RuntimeError: Function AddBackward0 returned an invalid gradient at index 1 - expected type torch.FloatTensor but got torch.cuda.FloatTensor

Code for loss function

class ProxyNCA(torch.nn.Module):
    def __init__(self, batch_num, sz_embed):
        torch.nn.Module.__init__(self)
        self.proxies = torch.nn.Parameter(torch.randn(batch_num, sz_embed) / 8)
#         self.proxies= torch.nn.Parameter(torch.FloatTensor([[4,5,6],[4,5,6]])) 
# answer of this is 0.0025
#         print(self.proxies.shape)

    def pairwise_distance(self,a,b):

      return torch.sub(a,b).pow(2)
    
    def proxyNCAloss(self,X,P):
		
      pdist = nn.PairwiseDistance(p=2, keepdim=True)

      nume_exp=self.pairwise_distance(X,P)

      vect_denom= self.pairwise_distance_self(X)
      denom= (torch.exp(-1*vect_denom)).sum(-1)
      
      nume_exp=torch.exp(-1*nume_exp)
      
      
      proxy_nca_loss= (nume_exp.cuda()/denom.cuda())

      return proxy_nca_loss.sum()
    
    
    
    def pairwise_distance_self(self,X):

        final_tensor=X
        processed=torch.zeros([X.size()[0],X.size()[1]])
        for i in range(0,X.size()[1]):
            for j in range(0,X.size()[1]):
                if(i==j):
                    continue
                processed[0,i]=torch.add(torch.sub(final_tensor[0,i],final_tensor[0,j]).pow(2),processed[0,i])
        return  processed

     	


    def forwardold(self, X):

      P = self.proxies.double()
      P = 3 * F.normalize(P, p = 2, dim = -1)
#       X = 3 * F.normalize(X, p = 2, dim = -1)

      pdist = nn.PairwiseDistance(p=2, keepdim=True)

      nume_exp=self.pairwise_distance(X,P)

      vect_denom= self.pairwise_distance_self(X)
      denom= (torch.exp(-1*vect_denom)).sum()

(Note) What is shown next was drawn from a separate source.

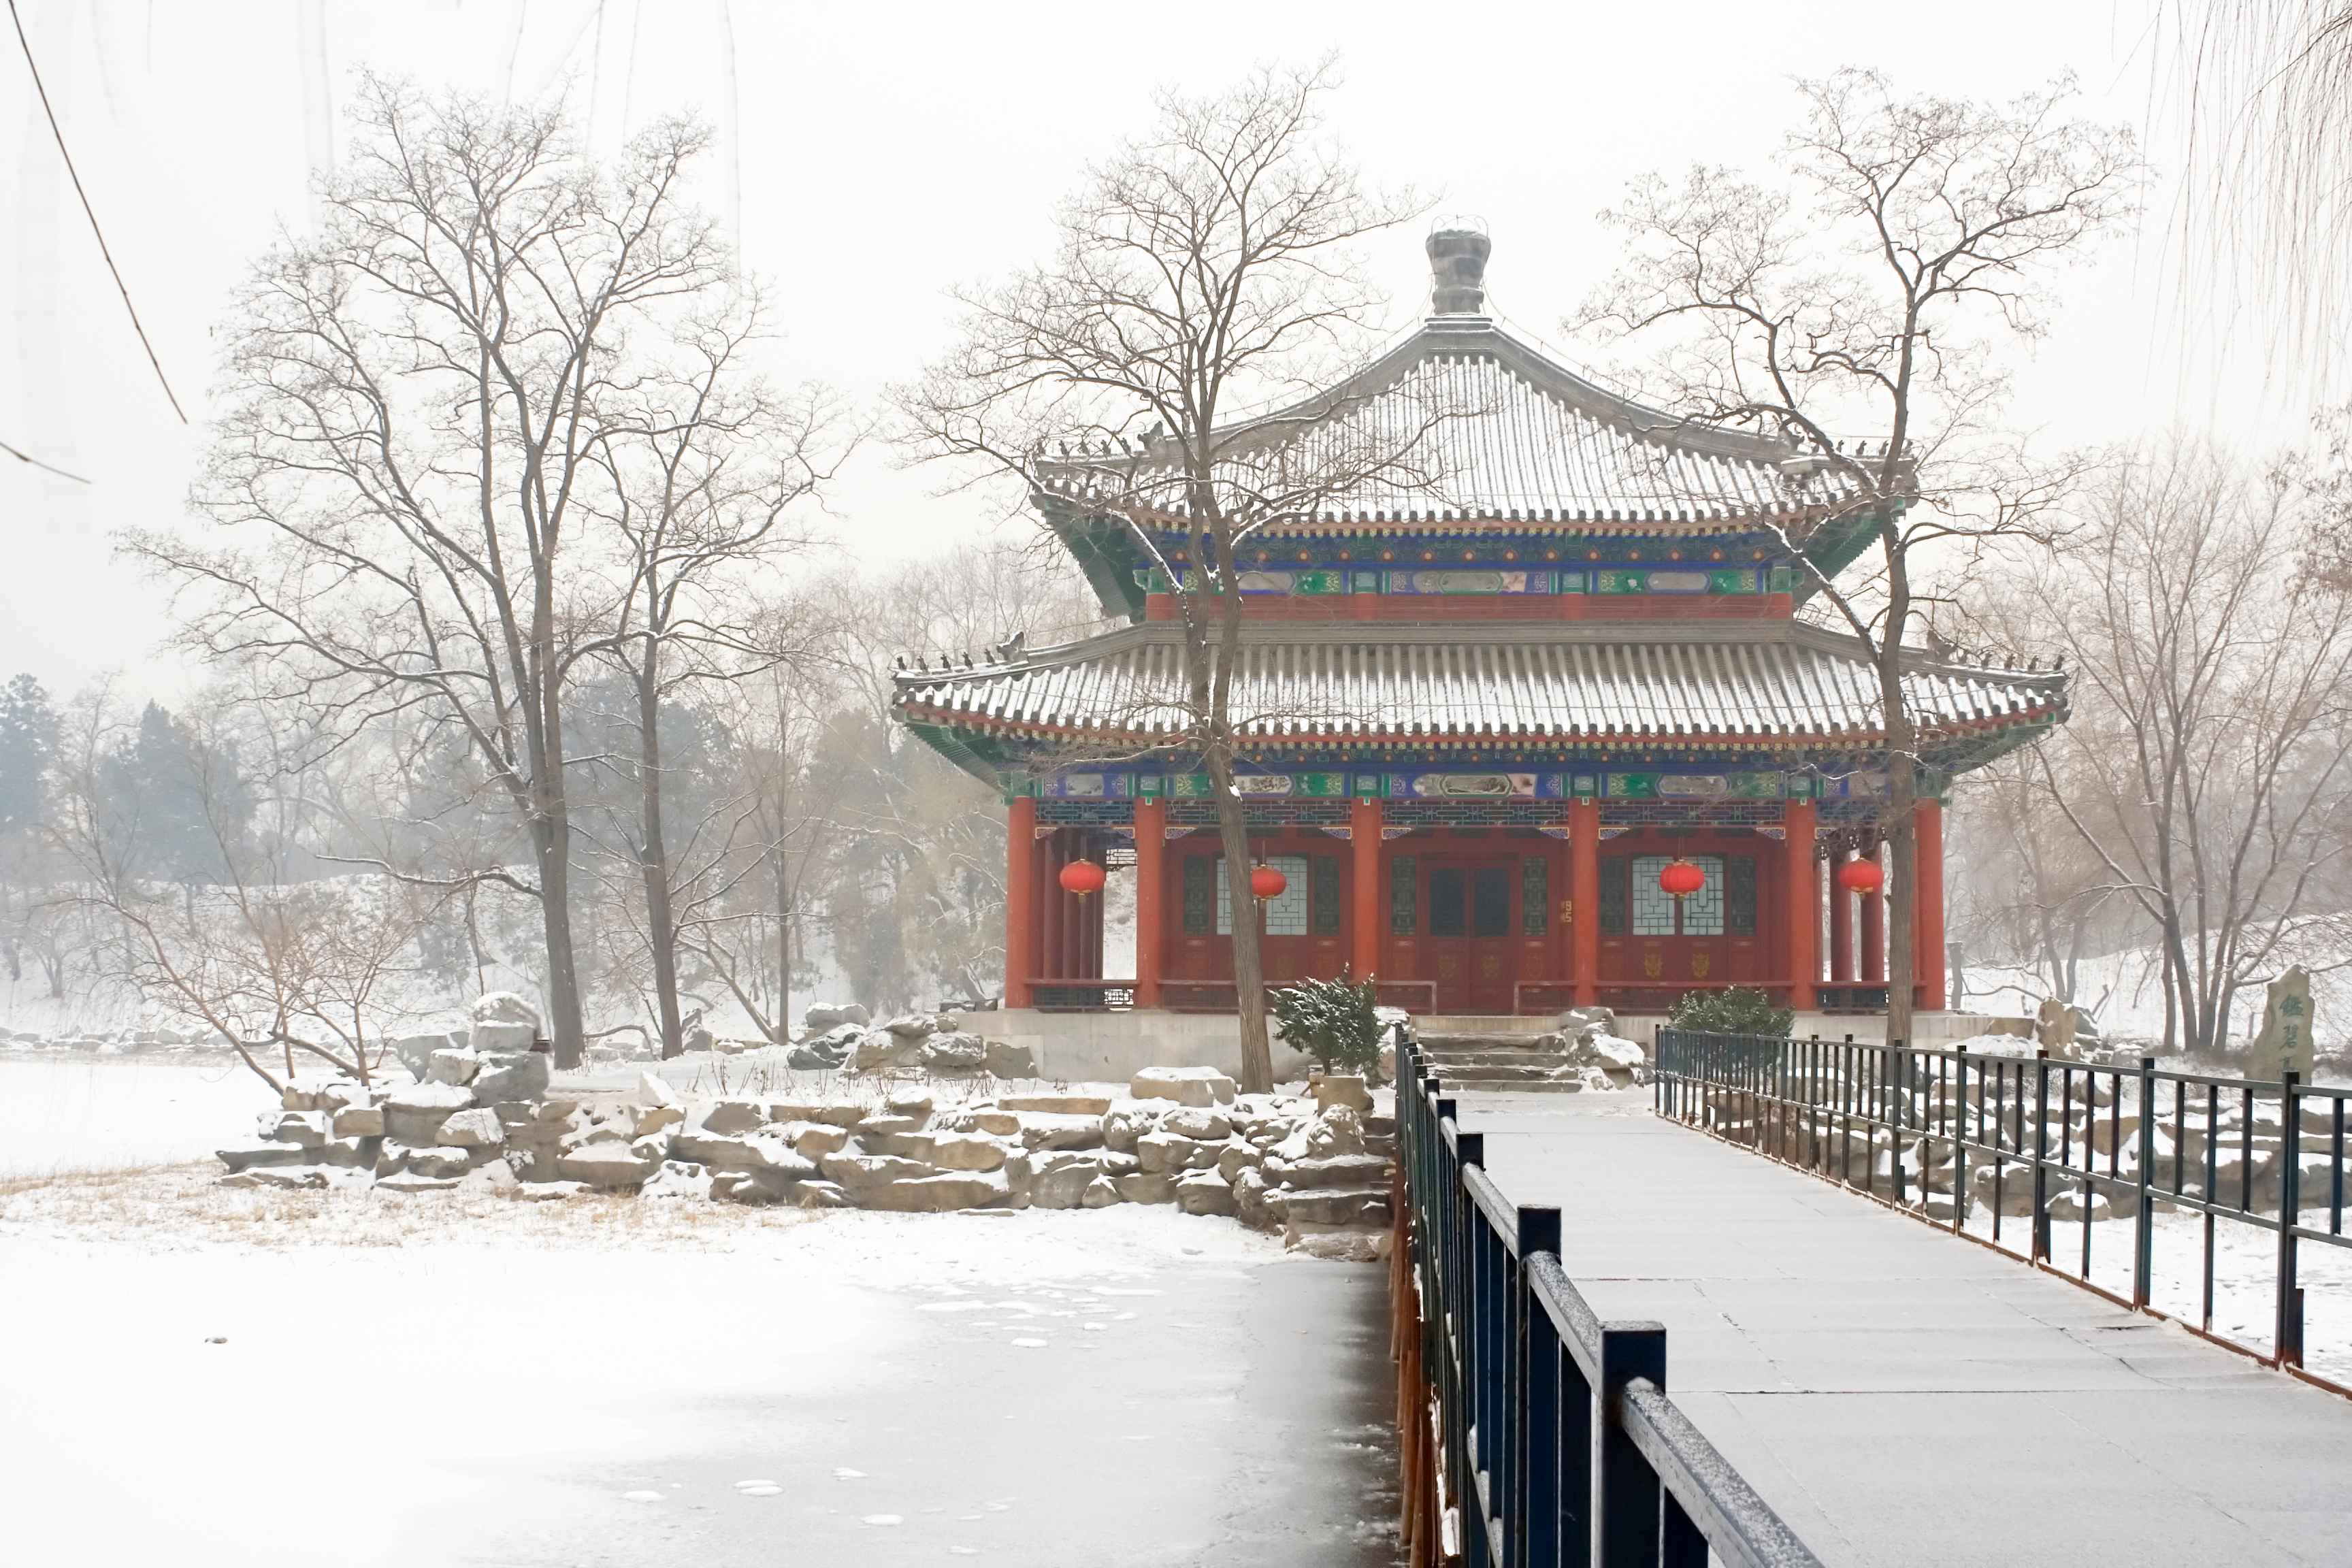 La Chine est confrontée à des conditions hivernales extrêmes depuis une semaine : des records de froid et un violent blizzard au cours du week-end dernier. © Yong Hian Lim, Adobe Stock

#       proxy_nca_loss=-1* torch.log( (torch.exp(-1*nume_exp)/denom).sum())
      proxy_nca_loss= (torch.exp(-1*nume_exp)/denom).sum()

  
      return proxy_nca_loss
  
    def forward(self, X):
      P = self.proxies
      P = 3 * F.normalize(P, p = 2, dim = -1)

      X = 3 * F.normalize(X, p = 2, dim = -1)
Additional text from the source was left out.